- [COLLECTED DATA]

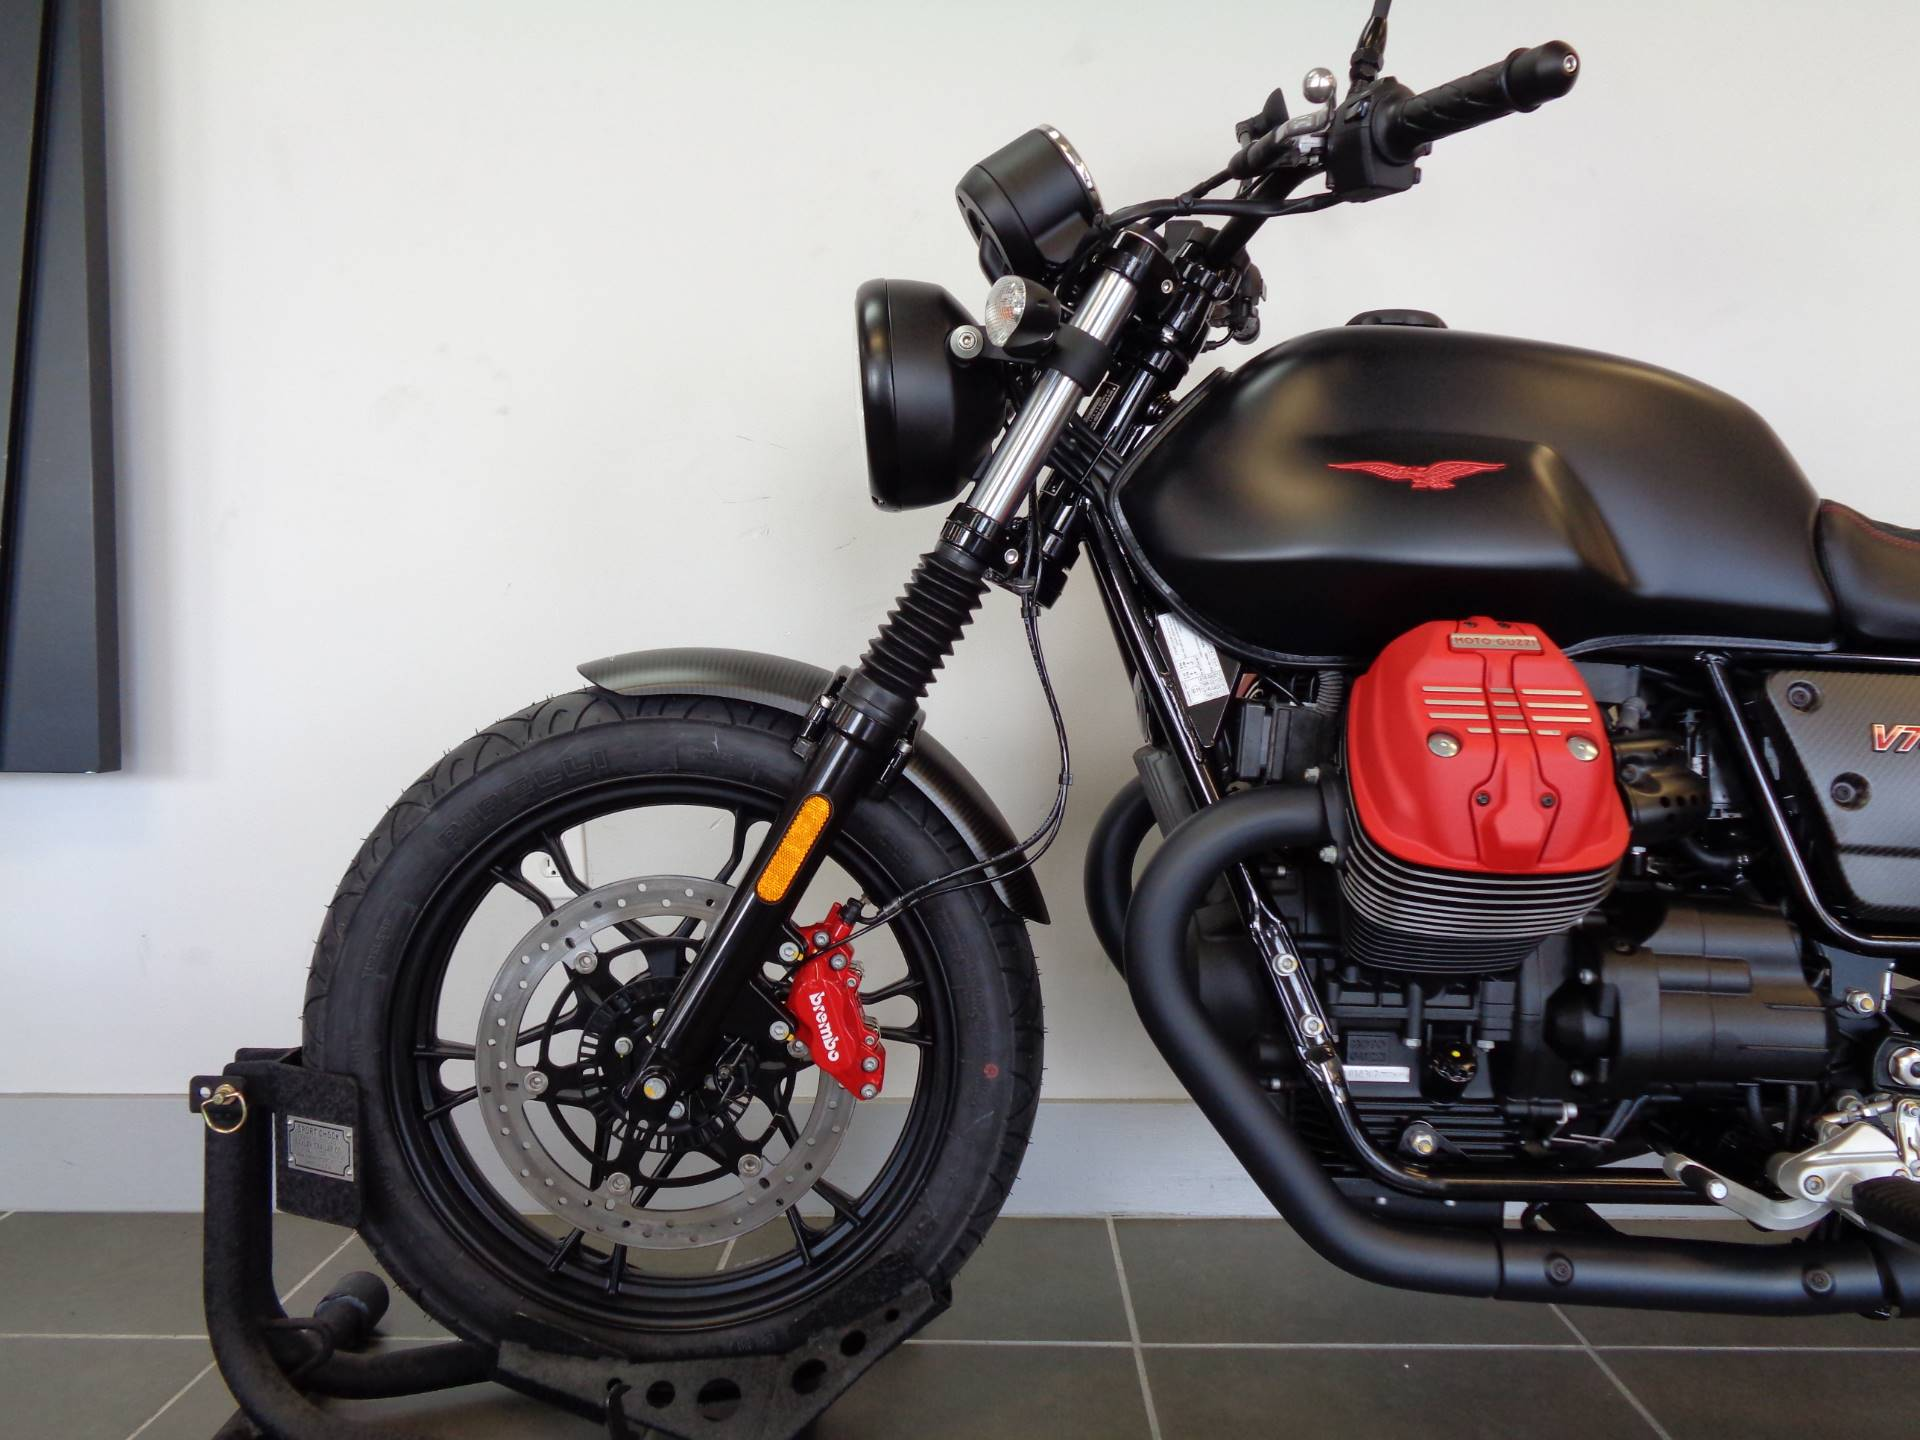 2018 Moto Guzzi V7 III Carbon Dark 12
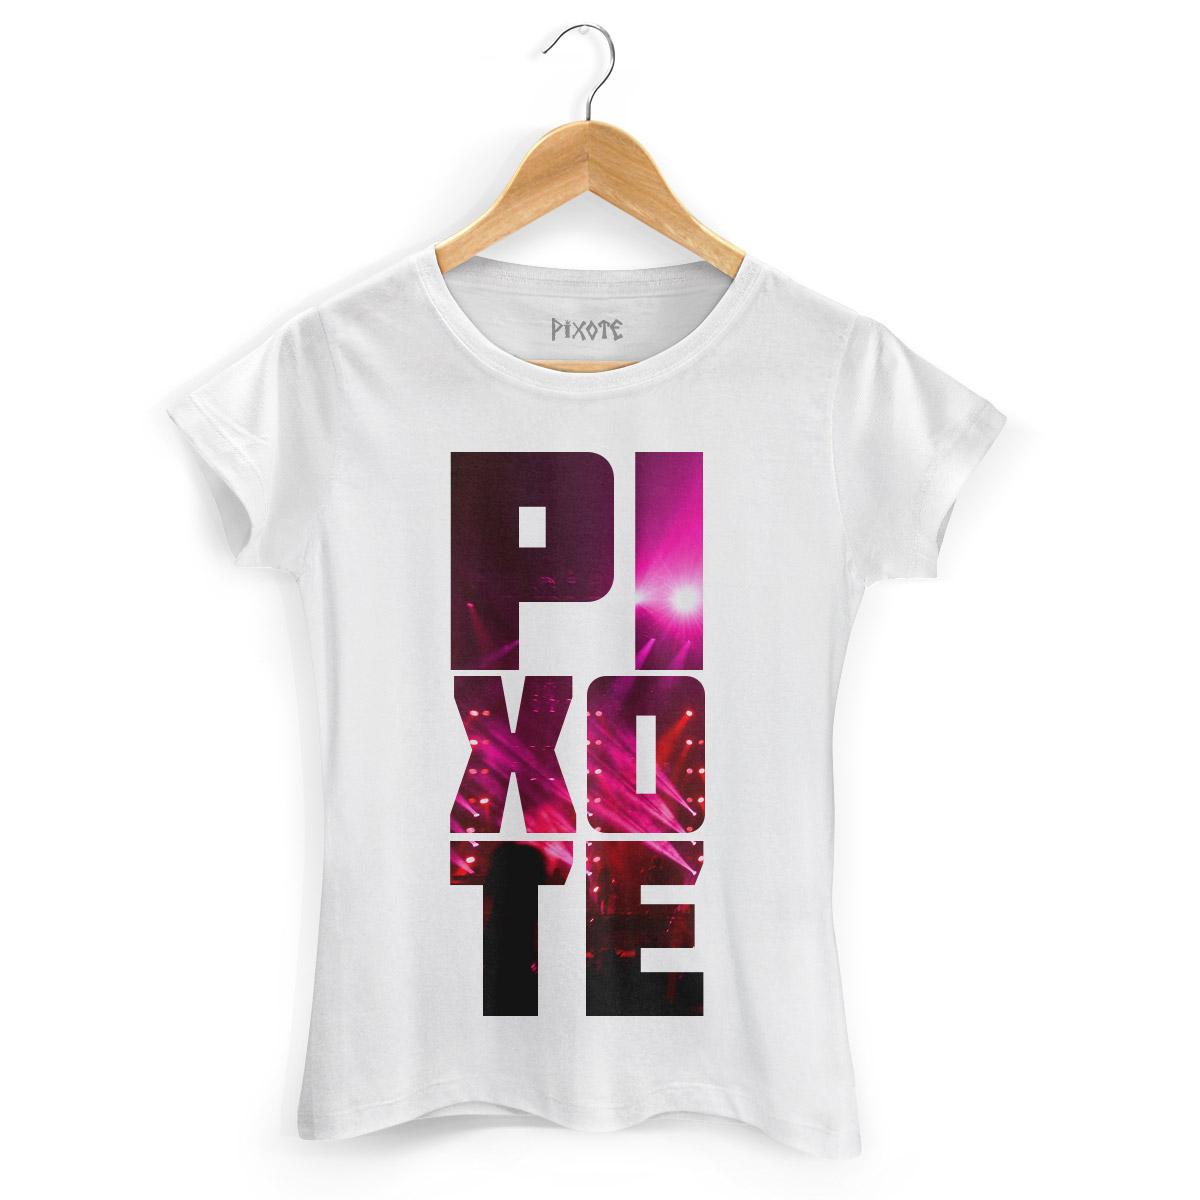 Camiseta Feminina Pixote Lights
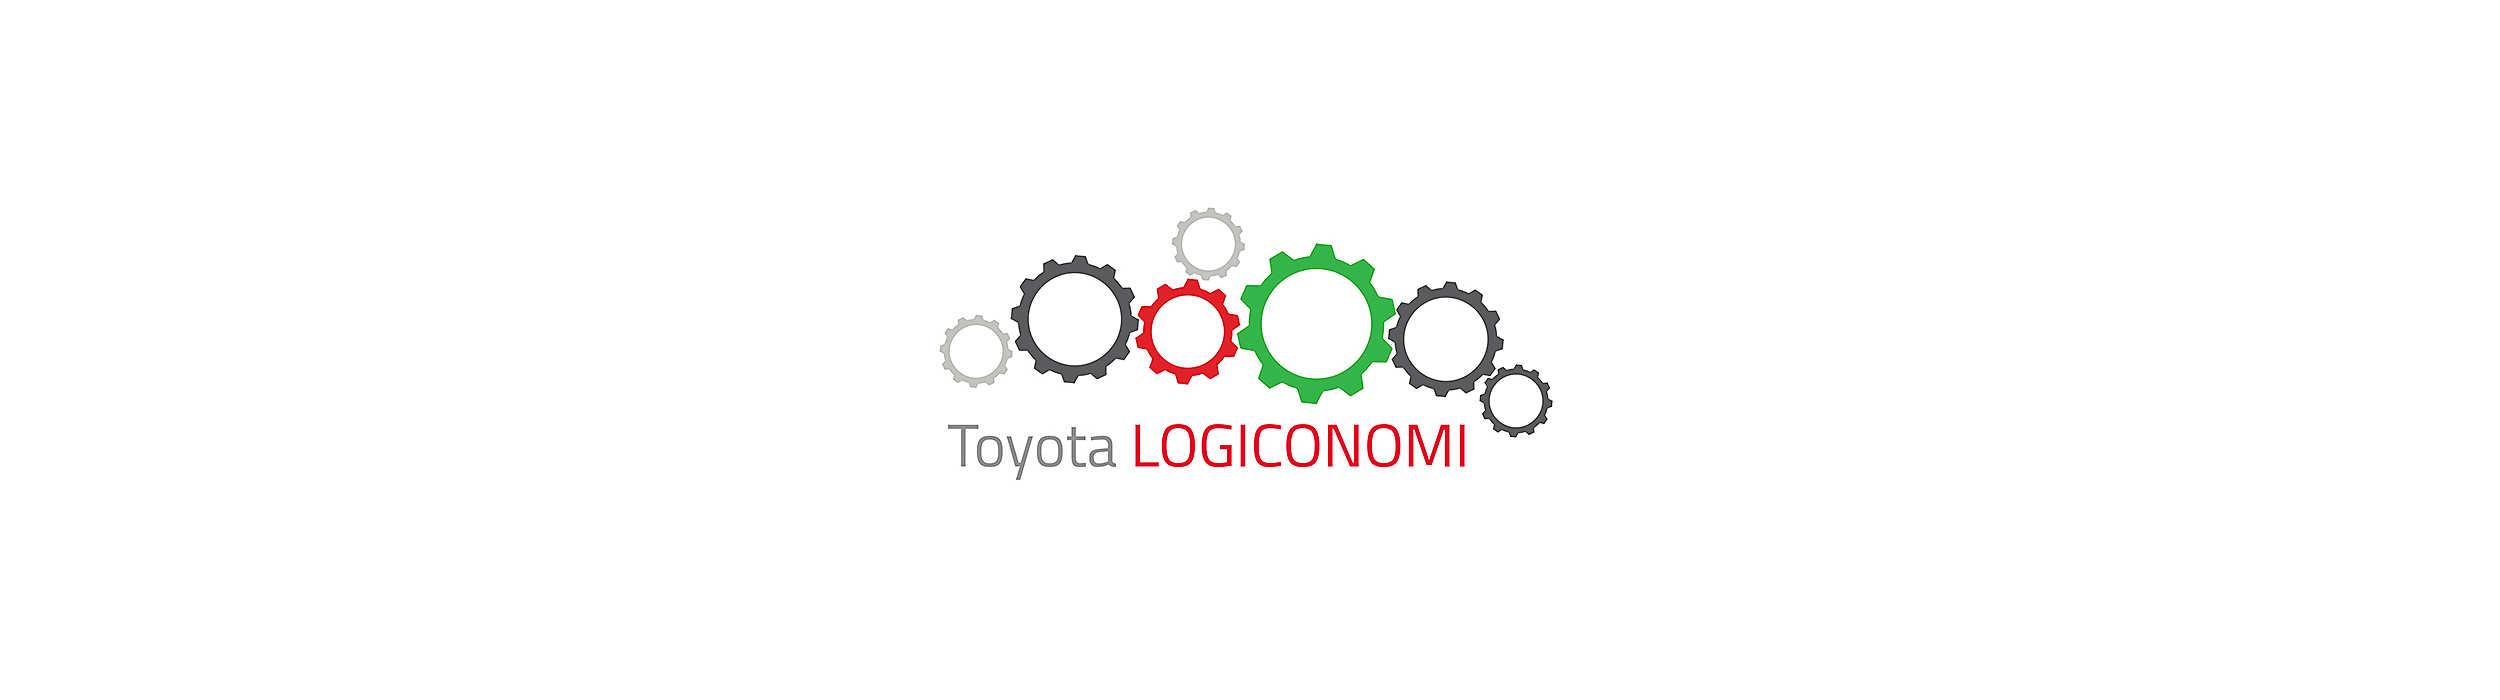 Logiconomi logo

- [WHAT THE TASK REQUIRES] Copy out the material above in full and exactly, but with no pictures.

- [TASK SOLUTION]
 2018 Moto Guzzi V7 III Carbon Dark 12
 Camiseta Feminina Pixote Lights
 Logiconomi logo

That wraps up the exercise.